Высокое напряжение
Шрифт:
Было очень удачно, что лейтенант Фил оказался волком-одиночкой – без семьи, без работы, без родителей, практически без знакомых. Именно таких разыскивали по всем биржам труда и даже по вокзалам и помойкам пронырливые агенты Бекешина. Правда, идея отбора кадров именно по этому принципу принадлежала не ему, а Андрею Михайловичу. В каком-то смысле это было верно: человек, не обремененный семьей, легче переносит длящиеся по несколько месяцев командировки, да и платить ему можно не так много, как солидному, знающему себе цену, квалифицированному да еще к тому же и вынужденному кормить семью работяге. Это была, конечно, копеечная экономия, но в данном случае Бекешин был полностью согласен с поговоркой, утверждавшей, что копейка рубль бережет. Немного здесь, чуточку там – глядишь, и набежала очередная сотня тысяч, а сотня тысяч – это, дорогие граждане, уже такие деньги,
Бекешин перевел взгляд на стену, где в тонкой металлической рамке висела взятая под стекло художественная черно-белая фотография: закатное солнце, зубчатые силуэты поросших лесом сопок и решетчатые вышки опор ЛЭП, растопырившие железные руки. Это был своеобразный памятник его похороненной заживо выдумке, которая, как он теперь понимал, с самого начала была наивно-романтической, под стать лейтенанту Филу, этому большому ребенку с каменными мышцами. Бекешин представил себе, как должен смотреться старина Фил там, на самой верхотуре, в брезентовой робе с широким монтажным поясом, с каким-нибудь гаечным ключом в руке и со своей обычной мужественной миной, которая, кажется, намертво приросла к его физиономии. Картина получалась вполне гармоничная. Мужественная физиономия старины Фила была словно нарочно создана для таежных просторов, свежих ветров и, конечно же, гаечных ключей – куда же без них-то, в самом деле…

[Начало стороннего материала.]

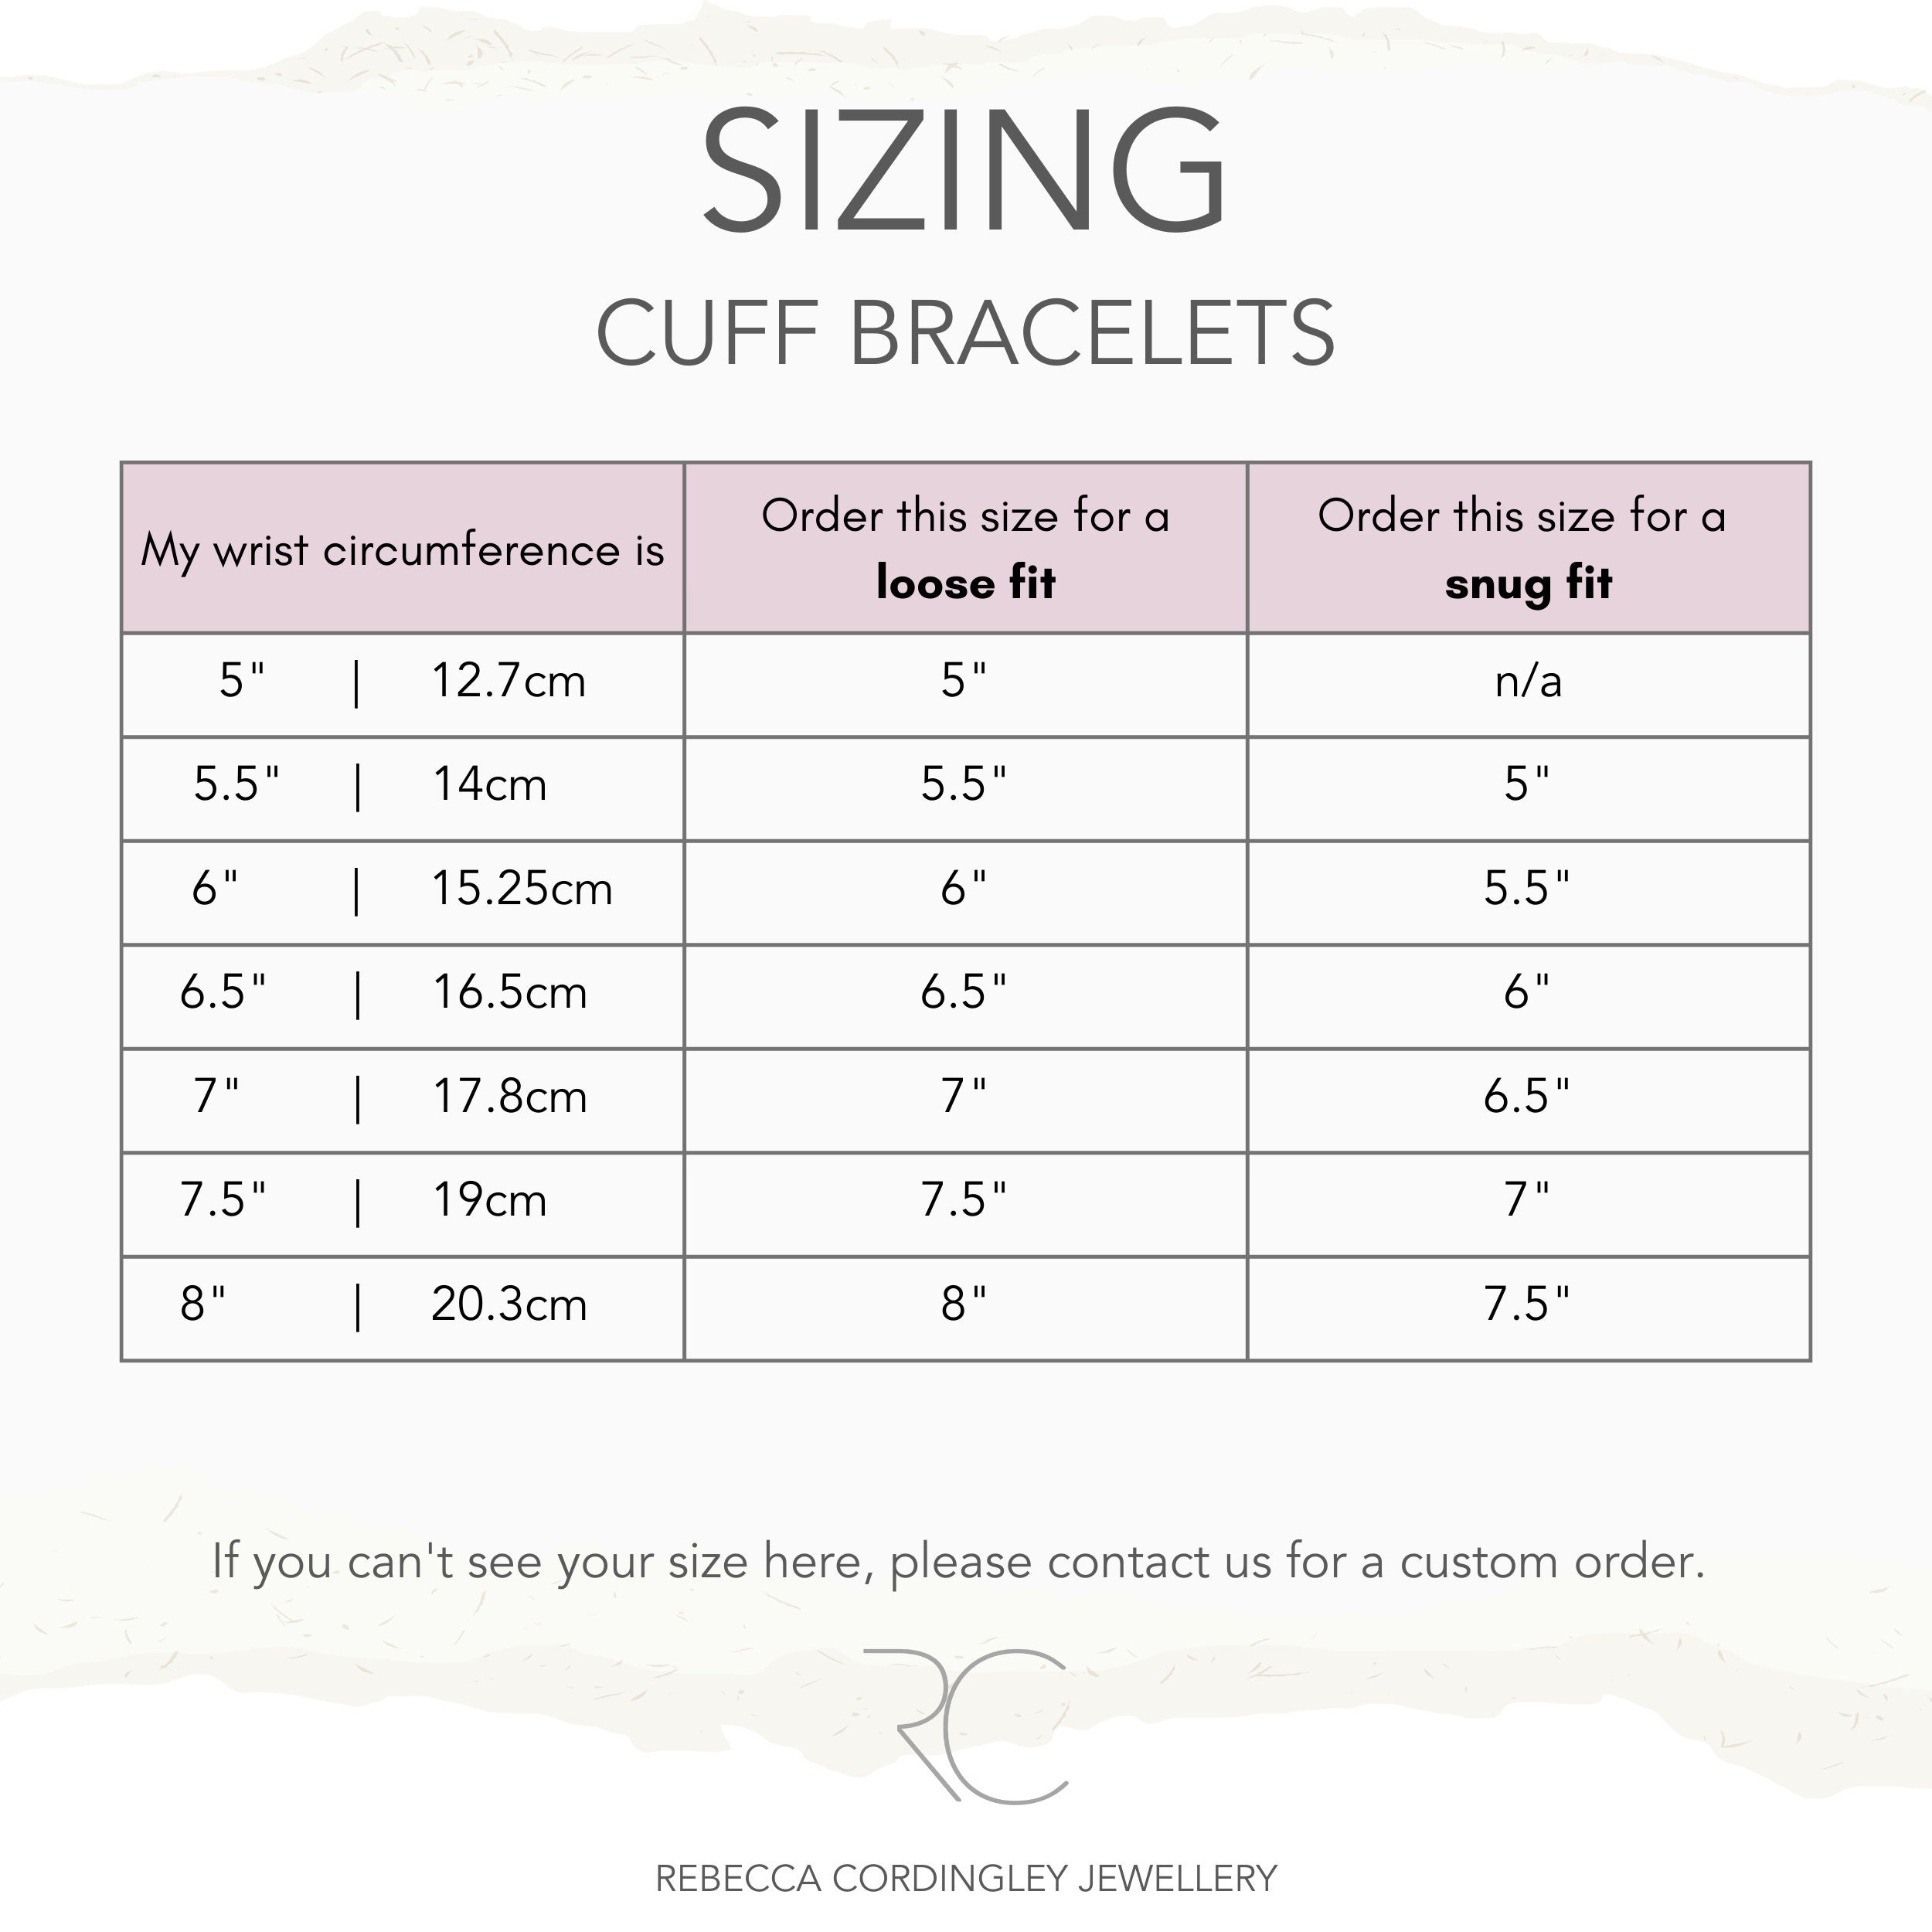 Size guide - How to choose your size band

«Интересно, как он там, – подумал Бекешин. – Не сбежал еще? Да нет, такой не сбежит. Он как тот суворовский гренадер: принципиально не понимает, что такое ретирада, она же отступление… Если ему что-то не по душе, он будет драться до последнего, пока не сдохнет или не сделает так, как считает правильным. Орел! А что в итоге? Ни кола ни двора, даже из армии вышибли – кому-то он там в морду дал, что ли… Насчет в морду дать – это он мастер, тут ничего не скажешь. А в остальном не человек, а сплошное недоразумение. Ведь если бы его мама, земля ей пухом, не позаботилась в свое время переписать на него квартиру, быть бы ему бомжем, не иначе. Позвонить туда, что ли? У прораба наверняка должен быть сотовый телефон, вот только что я ему скажу, этому прорабу? Ведь он меня знать не знает. Сразу начнется: а кто такой, а зачем, а кто вам дал номер?.. А потом Михалыч: ты что же это, Жорик, друг дорогой, делаешь? Это кто же тебя надоумил на всю страну светиться? Думаешь, сложно разговор через спутник засечь?»

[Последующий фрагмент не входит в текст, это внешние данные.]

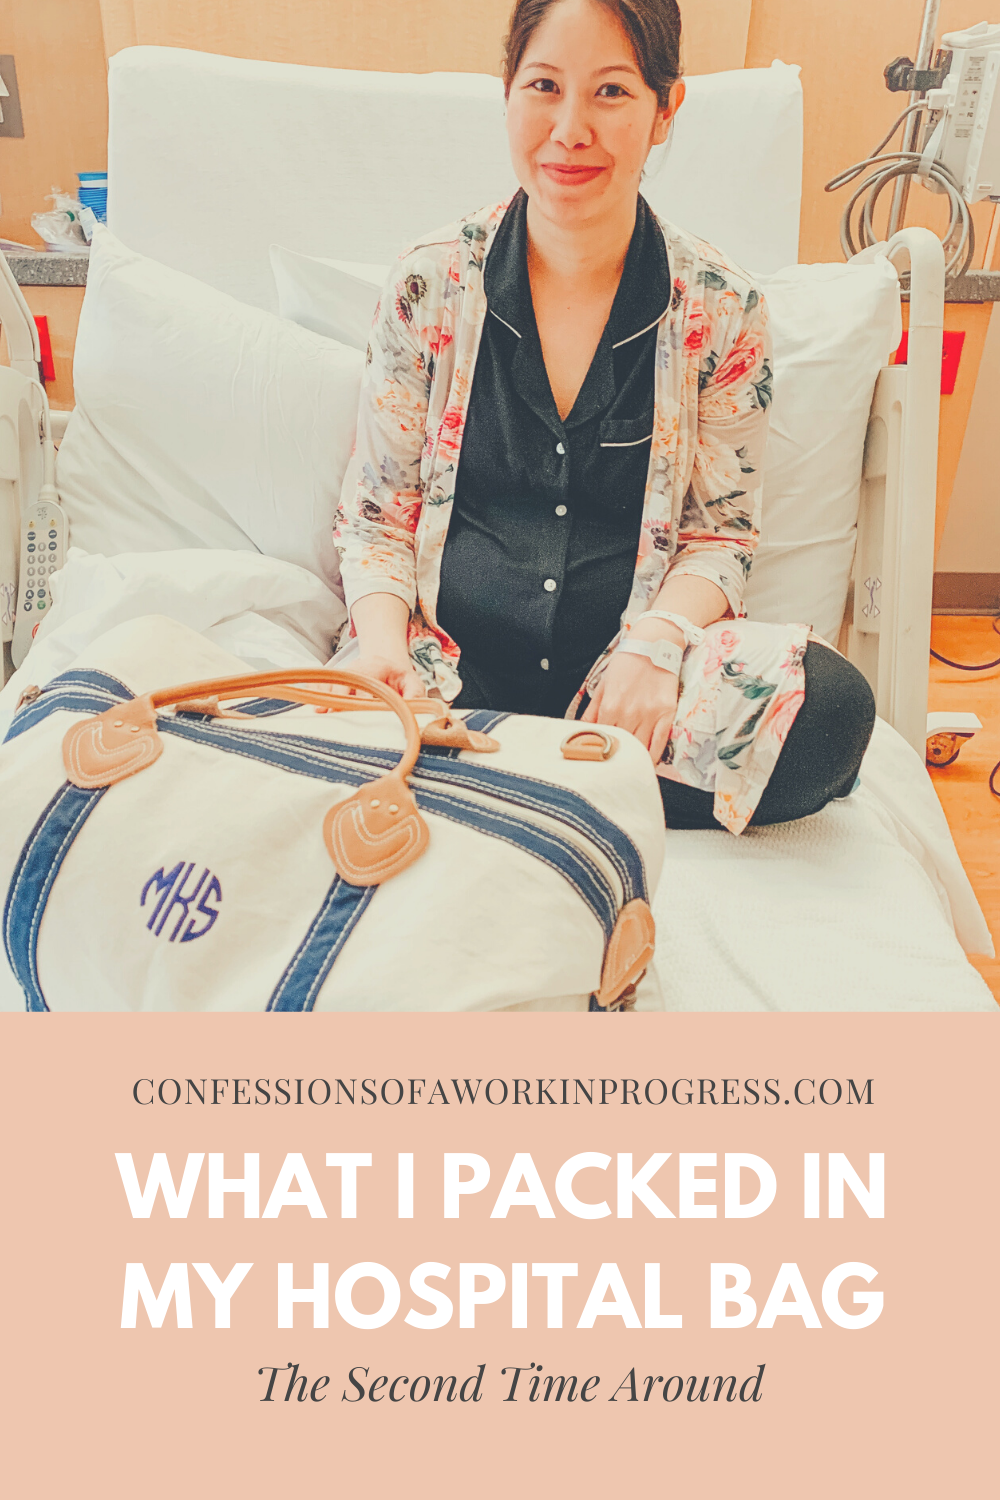 What I'm Packing in My Hospital Bag (for Baby #2)

«Вот черт, – подумал Бекешин. – Не думал, не гадал, оглянуться не успел, как стал мальчиком на побегушках у старой партийной крысы. Если уж я хотел работать под чьей-то крышей, можно было выбрать местечко поспокойнее. Но ведь я же не хотел работать под крышей! Наоборот, вся эта затея возникла именно потому, что я хотел работать только на себя. Хотел зарабатывать сам и тратить сам, и сам выбрал направление работы, сам придумал план… Вот и надо было пробивать свой план самому, – сказал он себе. – Это чушь, что без него я бы не справился. С чем я только не справлялся! Справился бы и с этим. В конце концов, дал бы старому козлу на лапу вместо того, чтобы спекулировать своей фамилией. Нет, черт дернул пойти по пути наименьшего сопротивления!»
Бекешин крутанулся вместе с креслом, сделав полный оборот в левую сторону. Тьфу, тьфу, тьфу, чтобы не сглазить! Не было бы хуже, а с тем, что есть, как-нибудь справимся. И не надо портить себе настроение, сгущая краски и нагнетая атмосферу. Не надо, не надо и не надо! Все хорошо и обещает быть еще лучше. Процент с рубля – копейка, а с миллиона – десять тысяч. Миллион в швейцарском банке, свободный миллион, о котором никто не знает, который лежит себе в темноте и потихонечку растет, как гриб, как плесень, как самостоятельное живое существо, от которого можно время от времени отщипывать по кусочку, не причиняя ему никакого вреда, – это ли не повод для оптимизма!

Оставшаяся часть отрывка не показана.